I am interested in your ways to identify a bottleneck within a network.
In my case, I've got 2 locations, one in UK, one in Germany. Hardware is Fortigates for FW/routing and switches are Cisco/HPE. Locations are connected through an Ipsec VPN over the internet and all internet connections have at least a bandwidth of 100 Mbps.
The problem occurs as soon as one client in UK tries to download data via SSH from a server in Germany. The max download speed is 10 Mbps and for the duration of the download the whole location in UK has problems accessing resources through the VPN in Germany (Citrix, Exchange, Sharepoint, etc).
I've changed some information for privacy reasons but I'd be interested in your first steps on how to tackle such a problem. Do you have some kind of runbook that you follow? What are common errors that your encounter?
(independently from my case too, just in general)
EDIT: Current list
packet capture on client and server to check for packet loss, latency, etc. - if packets dropped, check intermediate devices
check utilization of intermediate devices (CPU, RAM, etc)

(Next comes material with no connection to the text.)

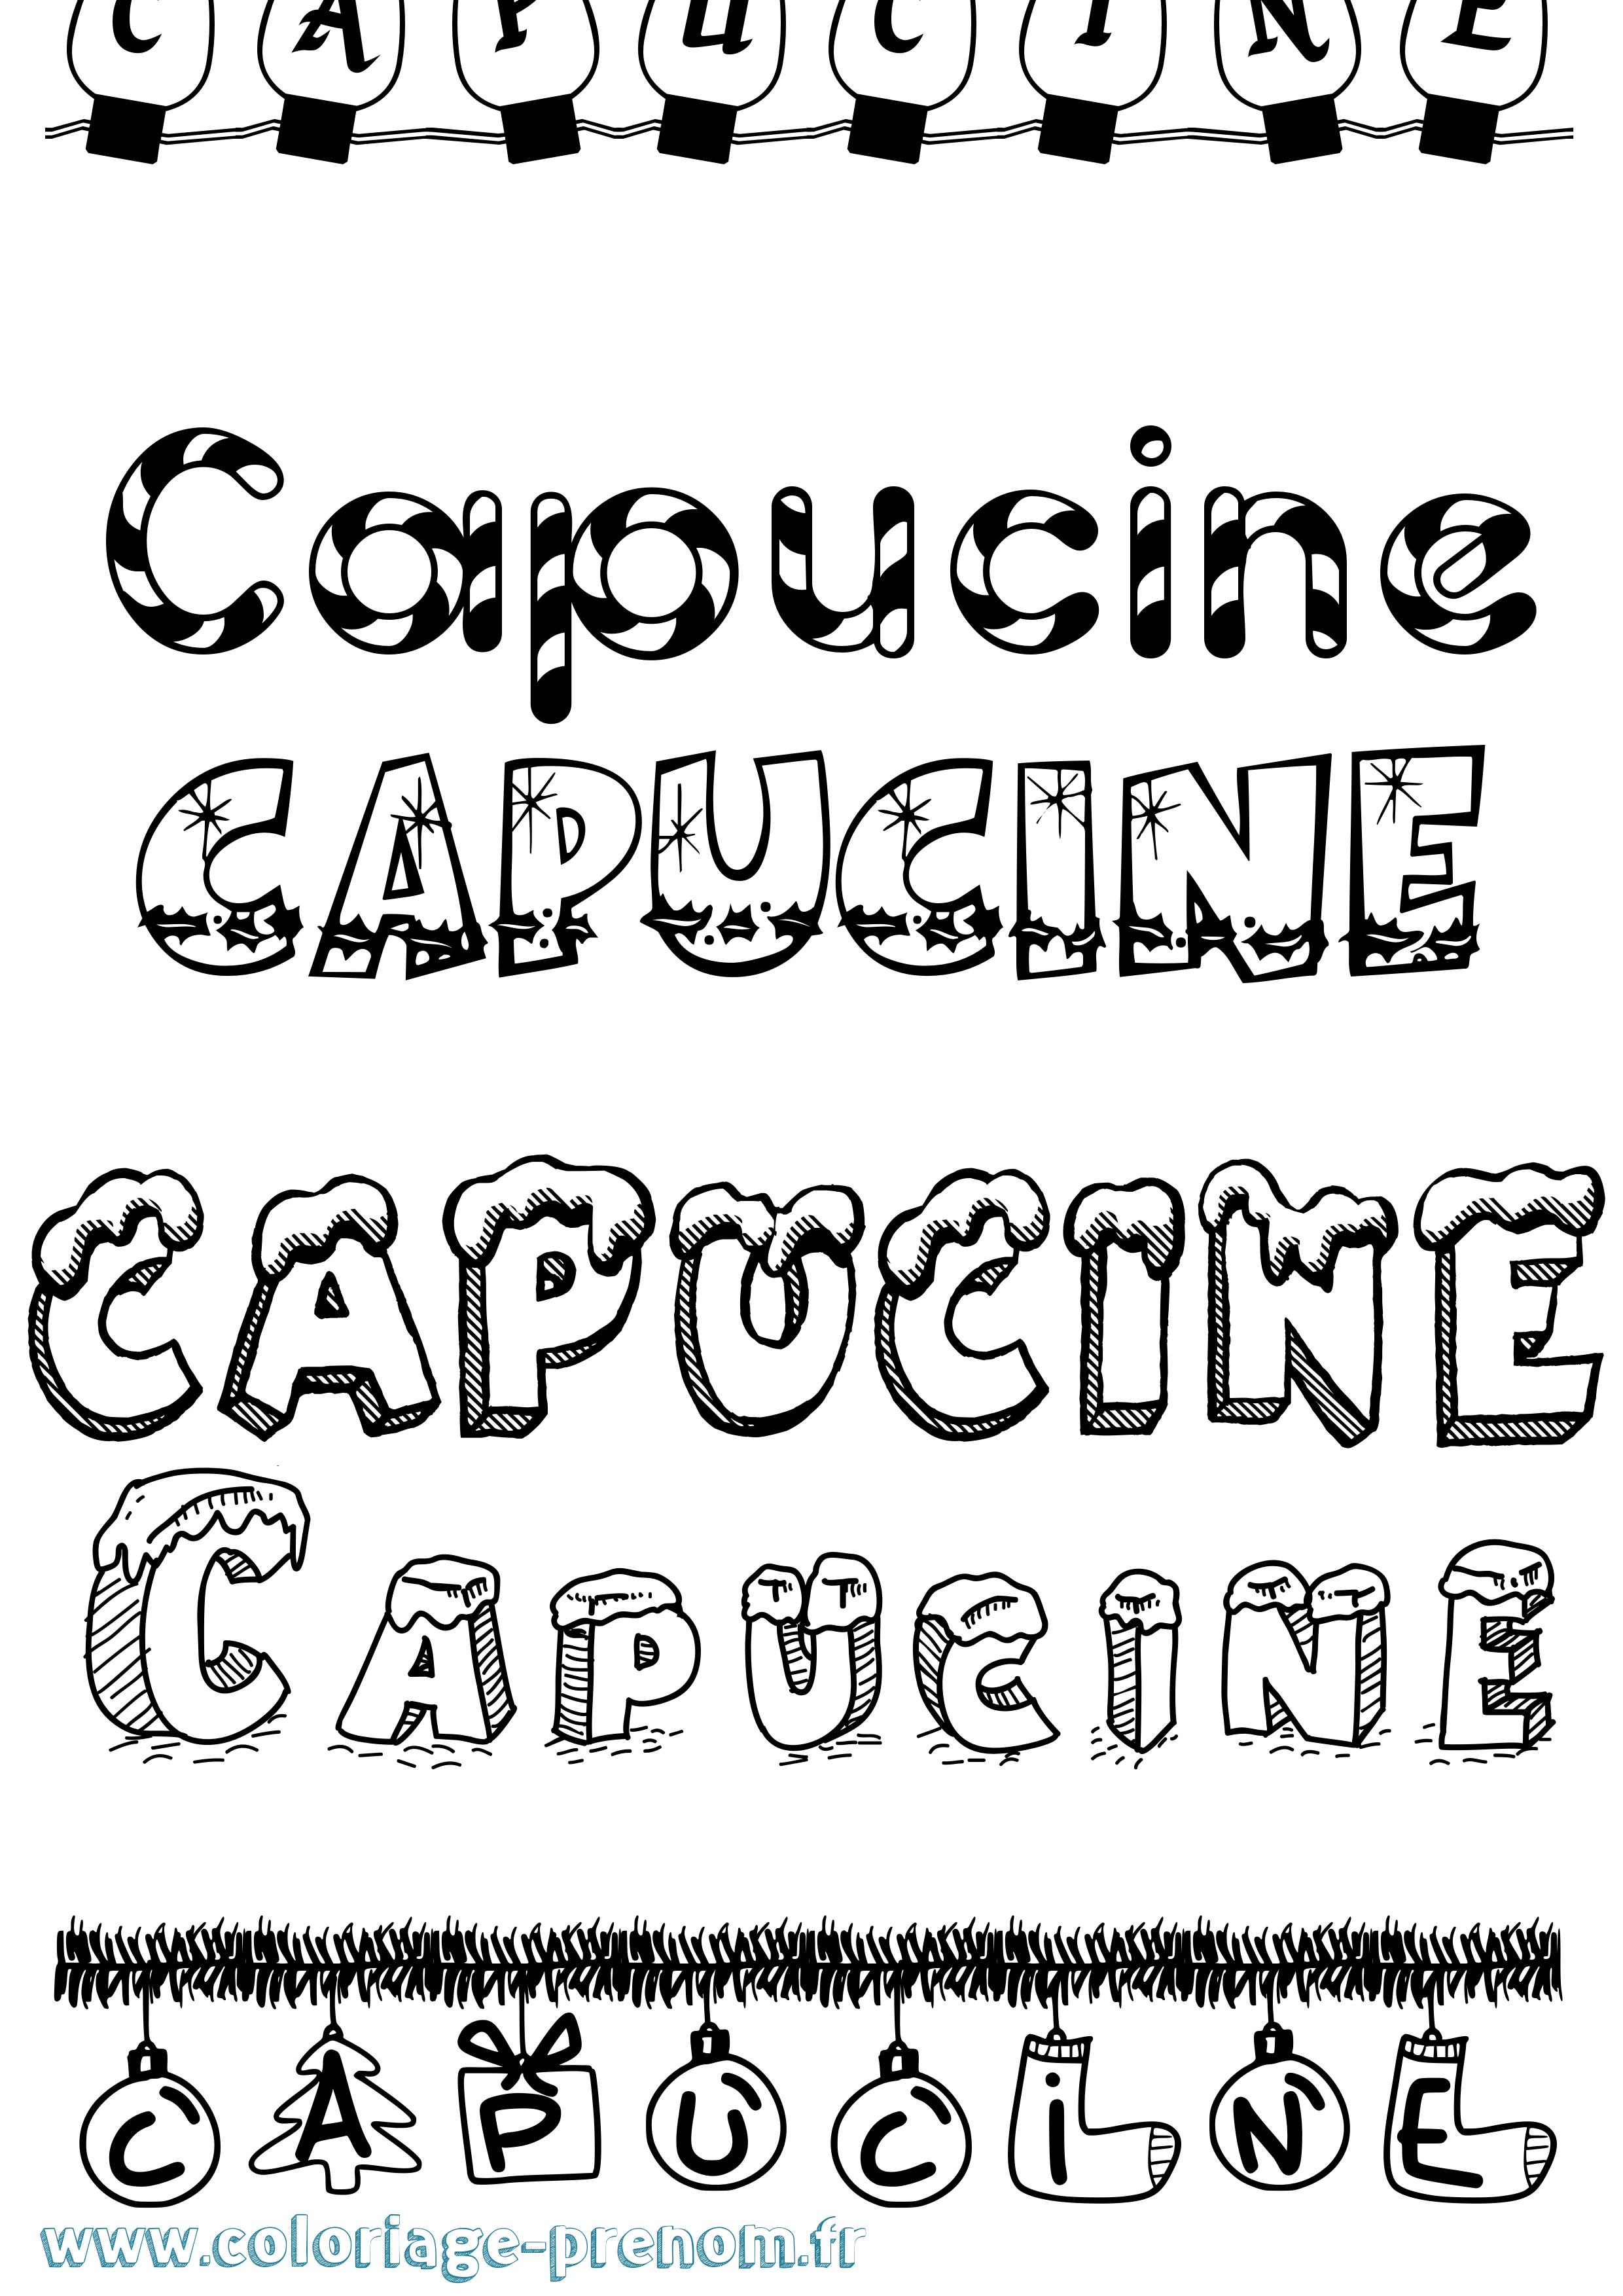 Coloriage capucine - Coloriage fleur capucine ...

check throughput with different tools (ipfer3, nc, etc) and protocols (TCP, UDP, etc) and compare
check if traffic shaper/ QoS are in place
check ports intermediate devices for port speed mismatch
MTU/MSS mismatch
is the internet connection affected too, or just traffic through the VPN
Ipsec configuration
turn off security function of FW temporary and check if it is still reproducible
traceroute from A to B, any latency spikes?

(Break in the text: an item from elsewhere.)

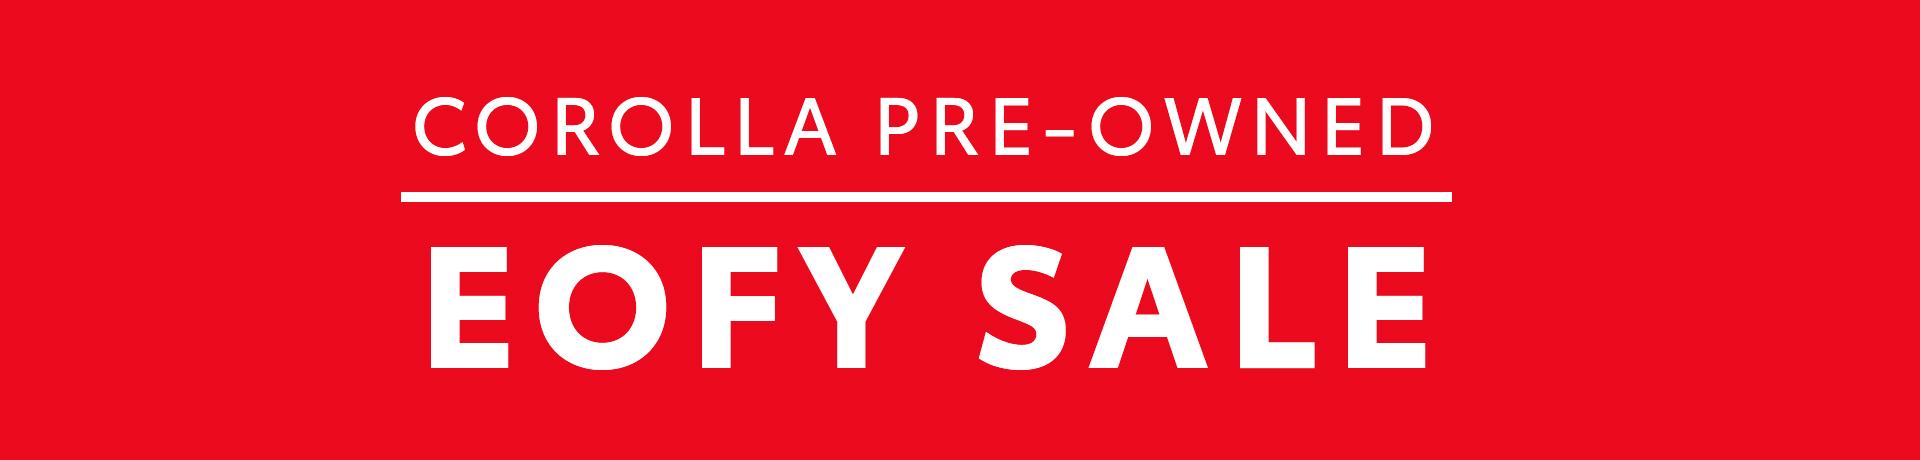 EOFY Corolla Sale Desktop Banner

check RTT, RWND, MSS/MTU, TTL via pcap, on the transferring client itself and reference client, without and while an active data transfer
Prob not related but noteworthy:
check I/O of server and client
I'll keep this list updated and appreciate further tips.
Update
I had to postpone the session and will do the stress test on Monday or Tuesday evening. I'll update you as soon as I have the results.
Update2
So, I'll try to keep it short.
First iperf3 over TCP run (UK < DE) with same FW rules let me reproduce the problem. Max speed 10 Mbps, and DE < UK even slower, down to 1-2 Mbps. Pattern of the test implies an unreliable connection (short up to 30 Mbts, then 0, and so on). Traceroute shows same hops in both directions, no latency spikes, all good.

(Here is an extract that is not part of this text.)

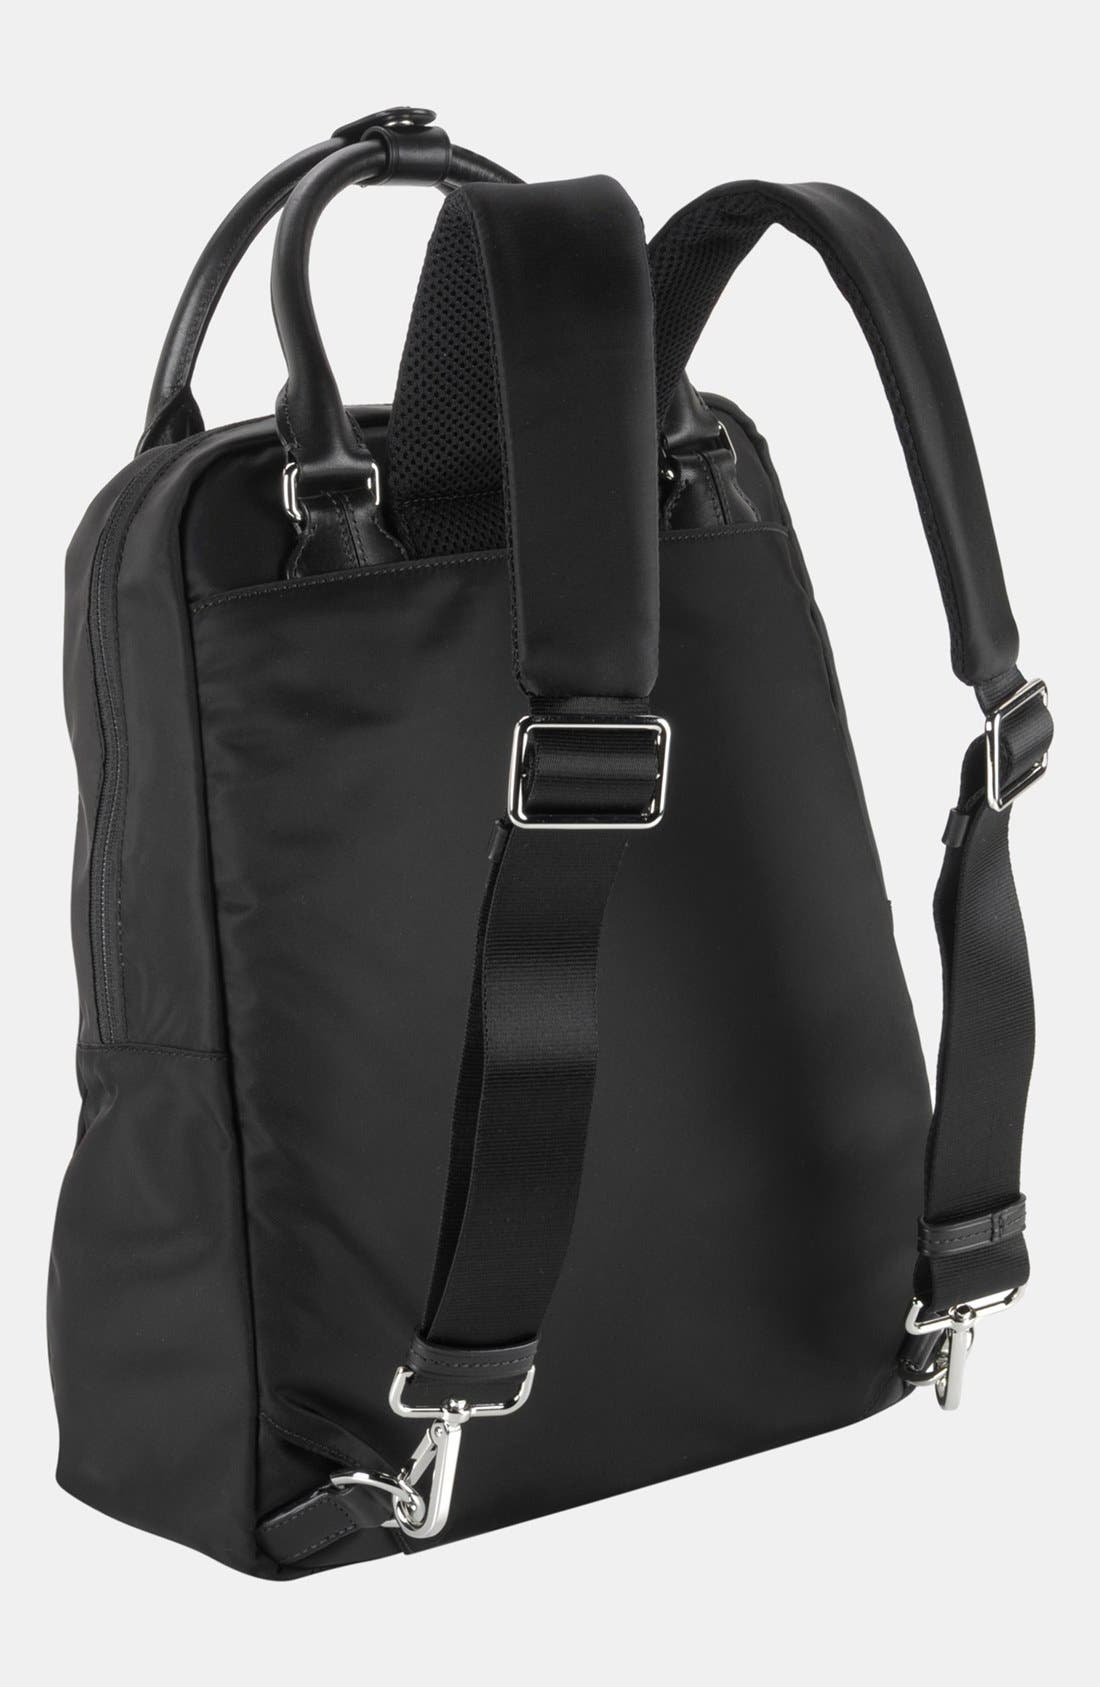 TUMI,                             'Voyager - Ascot' Convertible Backpack,                             Alternate thumbnail 2, color,                             001

BUT ICMP and iperf3 over UDP runs show a packet loss of min 10% and up to 30% in both directions!
Multiple speed tests to endpoints over the internet (UK>Internet) showed a download of 80 Mbts andupload of like 30 Mbts, which indicates a problem with the IPSec tunnel.
Some smaller things we've tried without any positive effect:
routing changes
disabling all security features for affected rule set
removed traffic shaper
Port speed/duplex negotiations are looking good
and some other things that I already forgot
Things we prepared:
We have opened some tickets at our ISPs to let them check it on their site > waiting for response
Set up smokeping to ping all provider/public/gw/ipsec endpoinrts/host IPs and see where packets could be dropped (server located in DE)
Planned a new session with an Fortigate expert to look in-depth into the IPSec configuration.
Need to do:
look through all packet captures (takes some time)
Are you sure that the download speed is 10Mbit/s and not 10Mbyte/s which would be close to saturating the 100Mbit/s link and would explain the other symptoms you are seeing?
Have you checked for resent packets or connection resets or similar things that might use up more bandwidth than the successfully received packets? I would probably use Wireguard for that.